L’evoluzione degli allevamenti negli ultimi anni è stato caratterizzato da un elevato processo di
concentrazione verso strutture di allevamento ed ingrasso sempre di maggiori dimensioni, con la
chiusura degli allevamenti di più piccole dimensioni.
1
Il dato è riferito ai soli bovini maschi e femmine allevati in strutture produttive ad orientamento da carne; a
questi possono essere aggiunti i capi maschi e femmine degli “allevamenti misti” e delle “altre strutture” che
complessivamente assommano a 9.776 bovini. Il dato complessivo risulterebbe così di 466.603 capi.
2 Il dato ricavato dal Censimento Generale dell’Agricoltura ISTAT del 2010.
3
Come vedremo le dimensioni aziendali hanno un impatto importante sul costo medio di produzione:
l’effetto congiunto della diminuzione dei capi allevati e del processo di concentrazione aziendale
comporta comunque un incremento del numero medio di capi allevati in azienda e quindi,
tendenzialmente, una diminuzione del costo medio di produzione.

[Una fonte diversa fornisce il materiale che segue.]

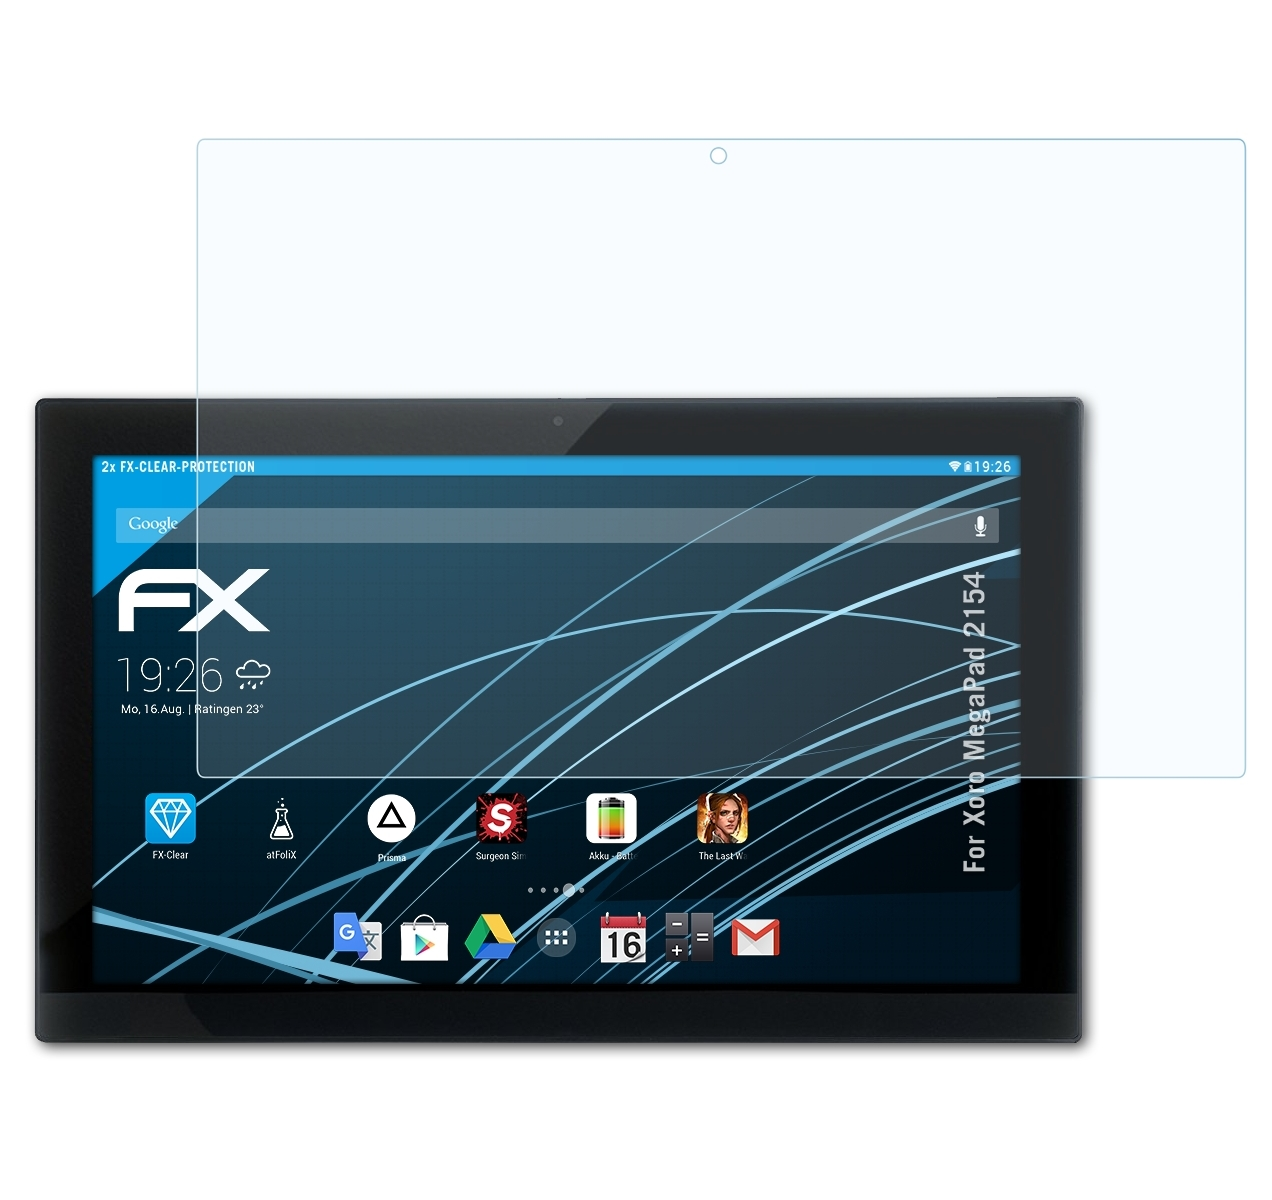 Displayschutz(für FX-Clear ATFOLIX 2154) 2x Xoro MegaPad

Ma oltre a diminuire il numero di imprese è calato anche il numero complessivo di capi allevati:
quindi si tratta non solo di un processo di concentrazione e razionalizzazione degli allevamenti, ma
anche, come abbiamo già, visto, di un ridimensionamento del volume di carne prodotta.
D’altra parte questa tendenza è in linea con la diminuzione della carne prodotta a livello nazionale,
una caratteristica di questi ultimi anni dopo il recupero produttivo conseguente alla crisi della BSE,
che trova la sua giustificazione sia nella diminuzione strutturale del consumo di carne pro-capite,
dovuta alla modifica delle abitudini alimentari e alla diffusione delle pratiche vegetariane, sia nella
diminuzione della quota di carne bovina sul totale della a carne consumata, come conseguenza
della crisi congiunturale dei consumi, caratterizzati dal tentativo dei consumatori di mantenere
invariato le quantità del carrello della spesa diminuendone il costo complessivo, grazie alla
preferenza di tipologie di alimenti a minore costo (carne avicunicola, carne di maiale).
Dal punto di vista territoriale gli allevamenti da carne veneti risultano concentrati in tre province che
da sole detengono circa i ¾ dei capi allevati: in ordine di importanza Verona (27,2%), Treviso (26,7%)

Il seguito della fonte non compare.